14. Constant-Ratio Codes
• A few codes have been developed which provide inherent
Error Detection and Correction Codes when used in ARQ
(automatic request for repeat) systems.
• The 2-out-of-5 code follows a pattern which results in every
code group having two 1s and three 0s.
• When the group is received, the receiver will be able to
determine that an error has occurred if the ratio of 1s to 0s
has been altered.
• If an error is detected, a NAK (do not acknowledge)
response is sent and the data word is repeated. This testing
procedure continues word for word.

15. Parity-Check Codes
• A popular form of Error Detection and Correction Codes employing
redundancy is the use of a parity-check bit added to each character
code group. Codes of this type are called parity-check codes.
• The parity bit is added to the end of the character code block according
to some logical process. The most common parity-check codes add the
1s in each character block code and append a 1 or 0 as required to
obtain an odd or even total, depending on the code system.
• Odd parity systems will add a 1 if addition of the 1s in the block sum is
odd. At the receiver, the block addition is accomplished with the parity
bit intact, and appropriate addition is made. If the sum provides the
wrong parity, an error during transmission will be assumed and the
data will be retransmitted.

16. Error Correction
• Detecting errors is clearly of little use unless methods are
available for the correction of the detected errors.
• Correction is thus an important aspect of data transmission.
• The most popular method of error correction is
retransmission of the erroneous information.

17. Retransmission
• For Retransmission to occur in the most expeditious manner,
some form of automatic system is needed. A system which has
been developed and is in use is called the automatic request for
repeat (ARQ), also called the positive acknowledgment/negative
acknowledgment (ACK/NAK) method.
• The request for repeat system transmits data as blocks. The parity
for each block is checked upon receipt, and if no parity discrepancy
is noted, a positive acknowledgment (ACK) is sent to the transmit
station and the next block is transmitted.

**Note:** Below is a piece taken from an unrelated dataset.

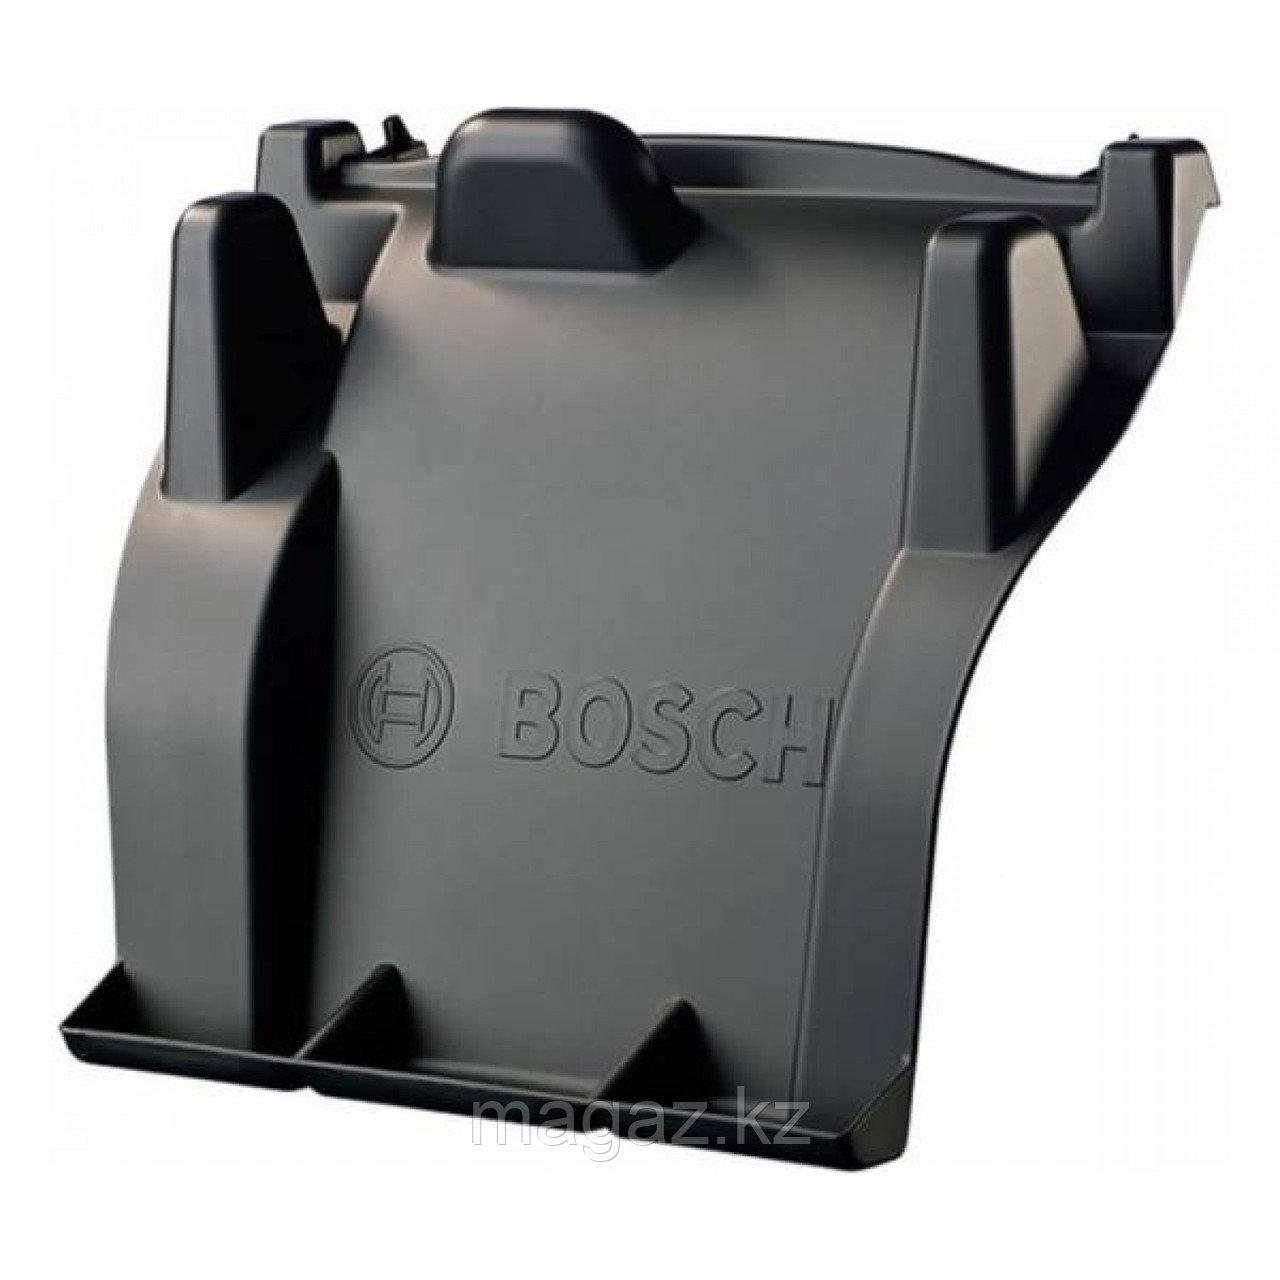 MultiMulch Bosch Rotak 34/37/34LI/37LI

If, however, a parity error
is detected, a negative acknowledgment (NAK) is made to the
transmit station which will repeat the block of data. have occurred.

18. Retransmission (cont)
• The parity check is again made and transmission continues
according to the result of the parity check. The value of this
kind of system stems from its ability to detect errors after a
small amount of data has been sent. If retransmission is
needed, the redundant transmission time is held to a
minimum. This is much more efficient than retransmission
of the total message if only one or two data errors

19. Forward Error-Correcting Codes
• For transmission efficiency, error correction at the receiver
without retransmission of erroneous data is naturally
preferred, and a number of methods of accomplishing this
are available.
• Codes which permit correction of errors by the receive
station without retransmission are called forward error-
correcting codes.
• The basic requirement of such codes is that sufficient
redundancy be included in the transmitted data for error
correction to be properly accomplished by the receiver
without further input from the transmitter.